ACTIVITY. All pictures are to be omitted while the lines starting at the line with "1Engine coolant reservoir (P. 8-6)" and ending at the line with "Next stop, Louis" in the material below are retyped exactly, both ends included.

==== STORED DATA

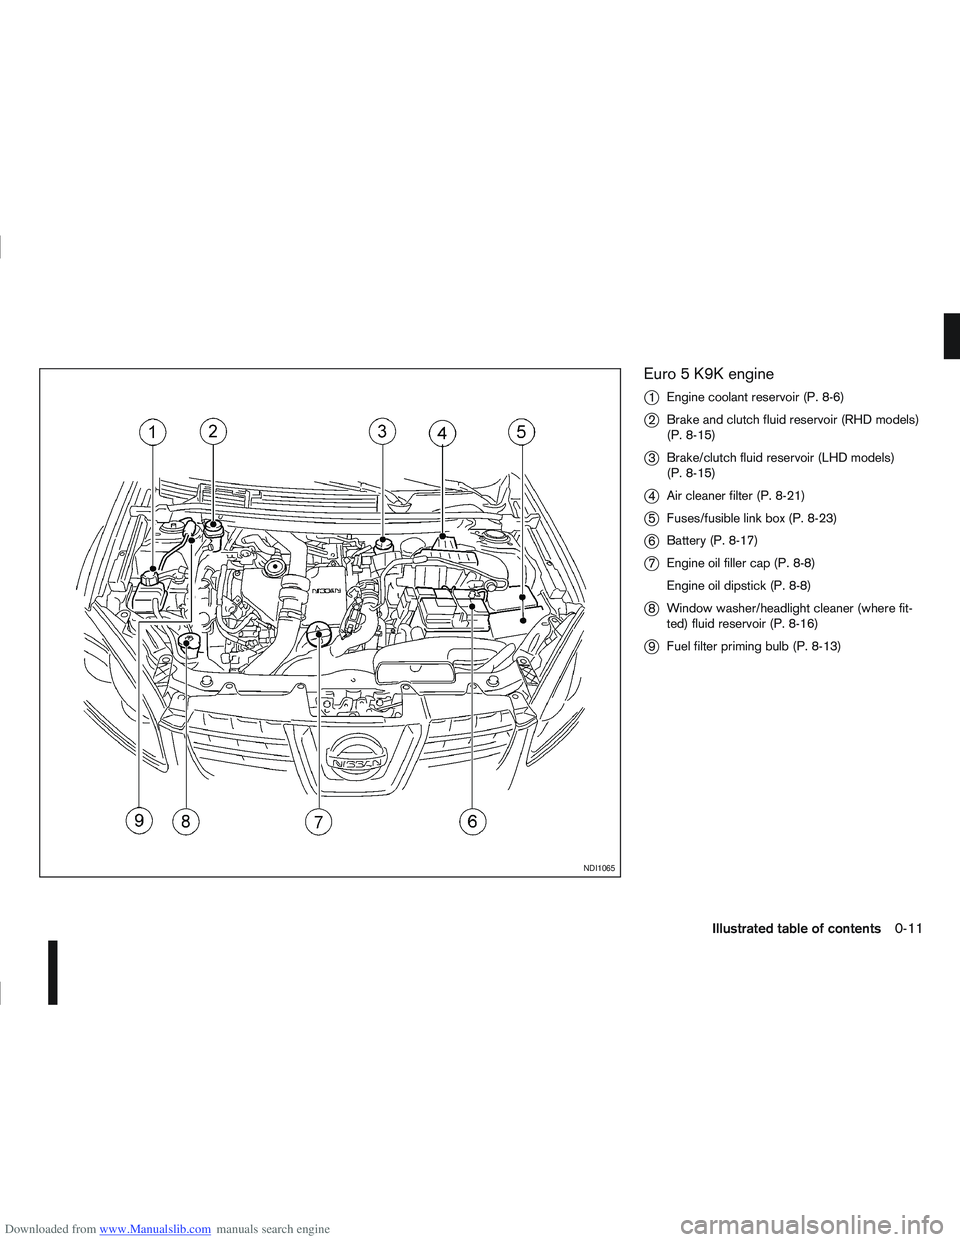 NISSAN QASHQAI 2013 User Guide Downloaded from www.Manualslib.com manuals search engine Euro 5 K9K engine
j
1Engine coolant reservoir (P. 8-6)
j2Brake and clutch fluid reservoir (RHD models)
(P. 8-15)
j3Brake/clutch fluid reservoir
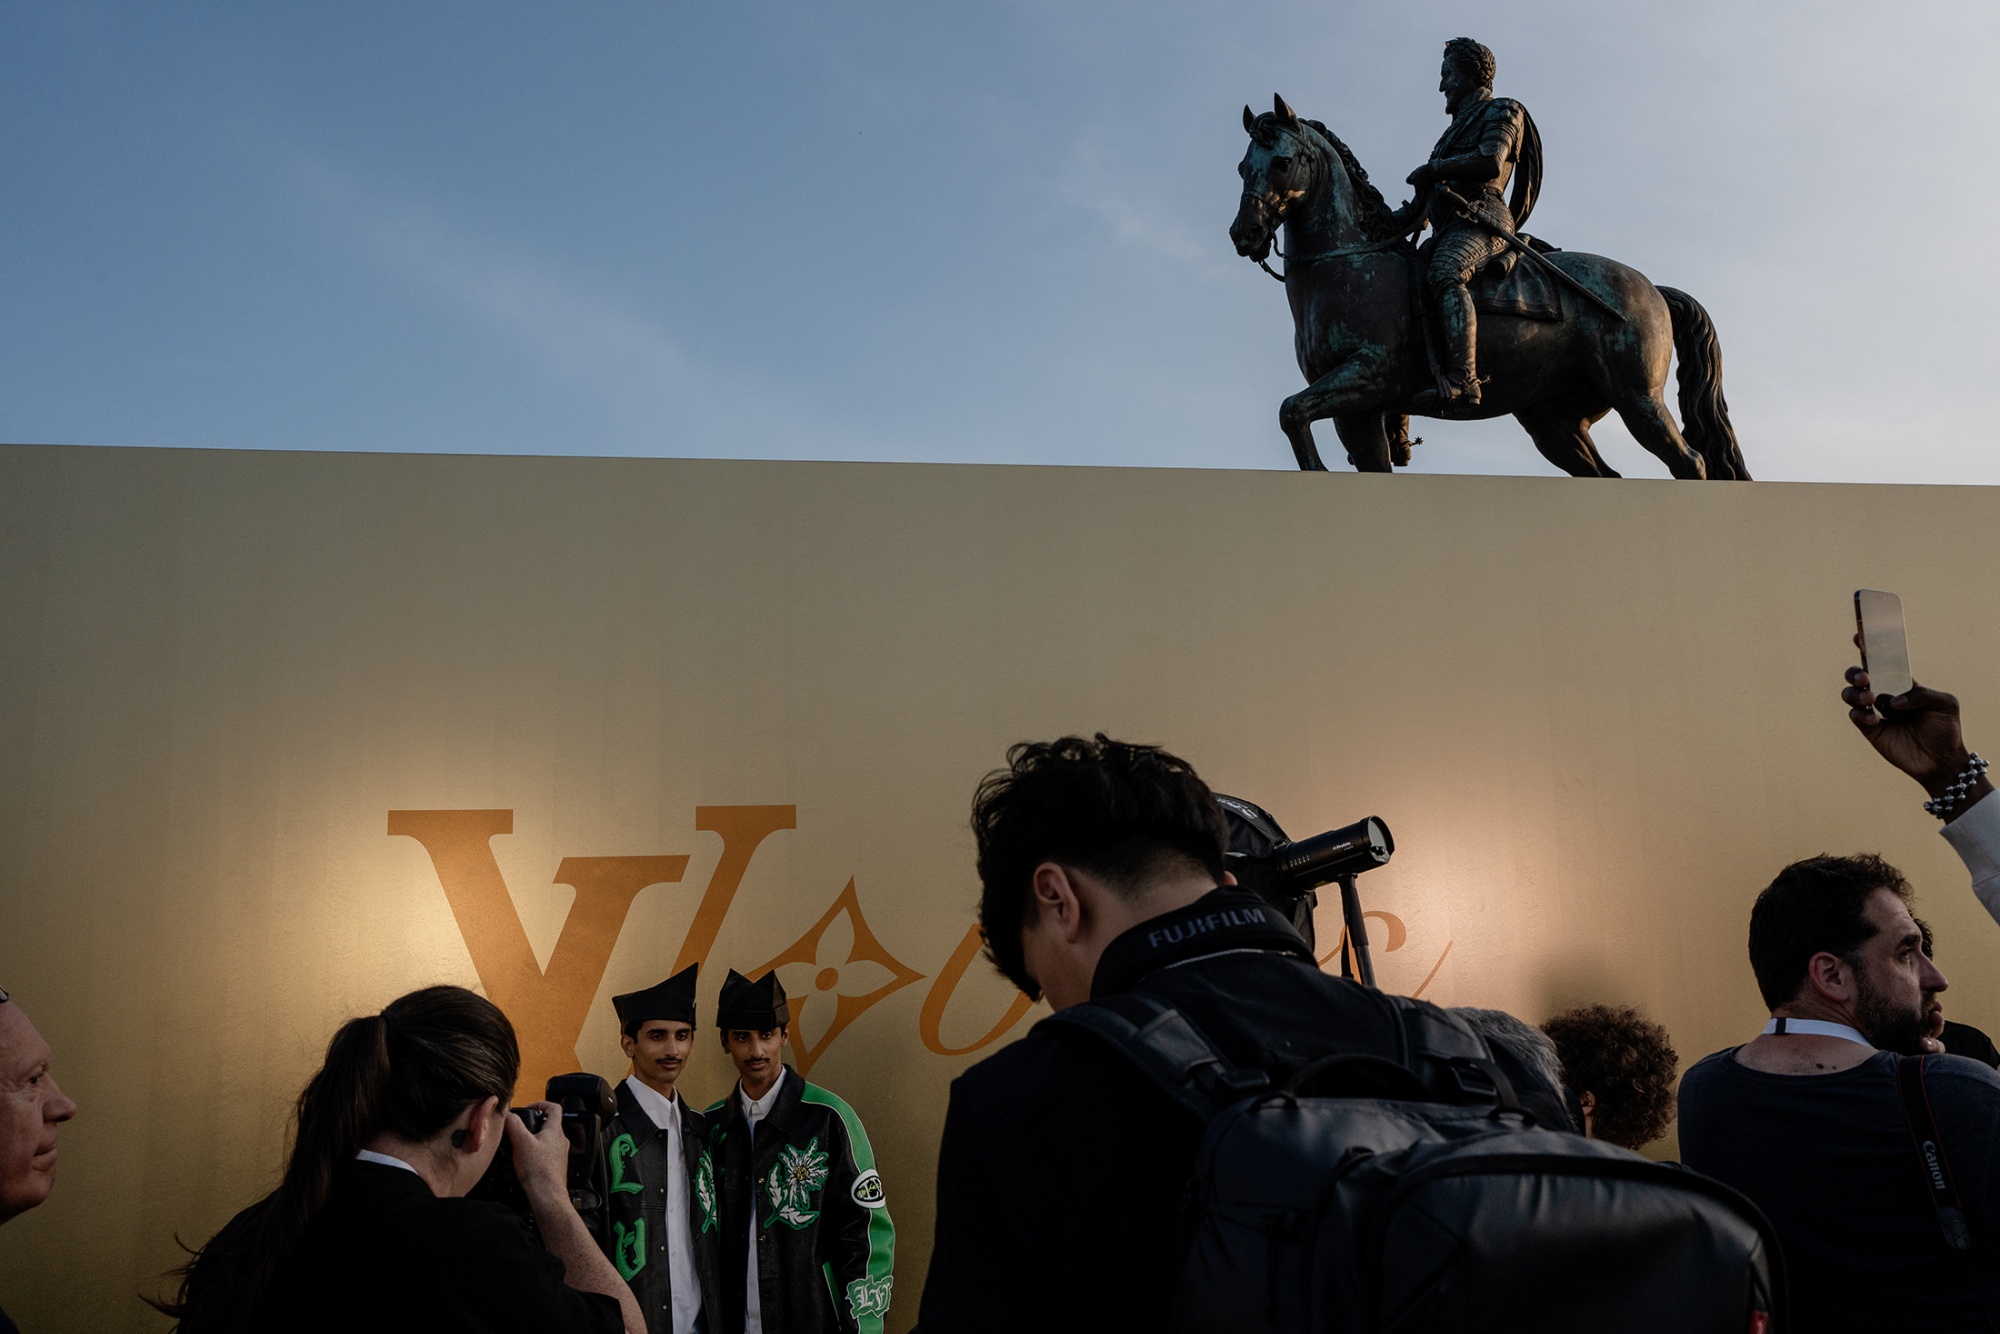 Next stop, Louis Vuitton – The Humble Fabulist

========
==== STORED DATA

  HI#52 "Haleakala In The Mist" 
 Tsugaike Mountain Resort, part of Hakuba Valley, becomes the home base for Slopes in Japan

========
==== STORED DATA

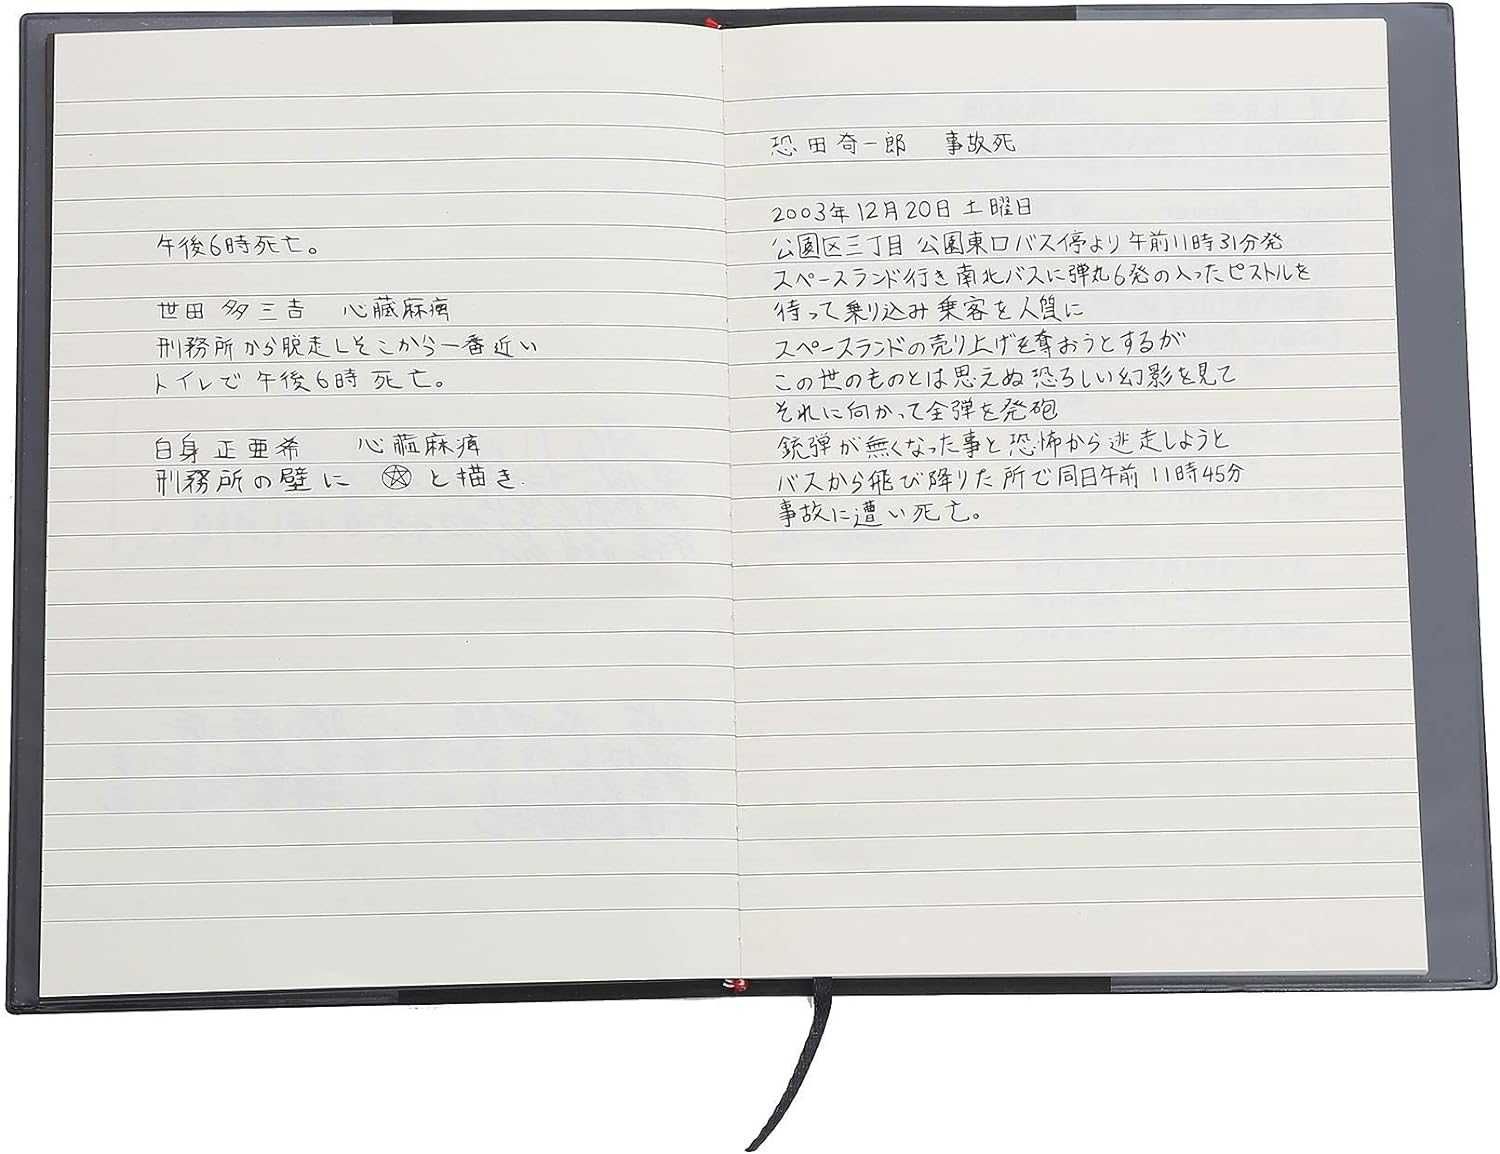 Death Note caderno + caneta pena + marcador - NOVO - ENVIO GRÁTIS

========

EXERCISE RESULT.
1Engine coolant reservoir (P. 8-6)
j2Brake and clutch fluid reservoir (RHD models)
(P. 8-15)
j3Brake/clutch fluid reservoir
 Next stop, Louis Vuitton – The Humble Fabulist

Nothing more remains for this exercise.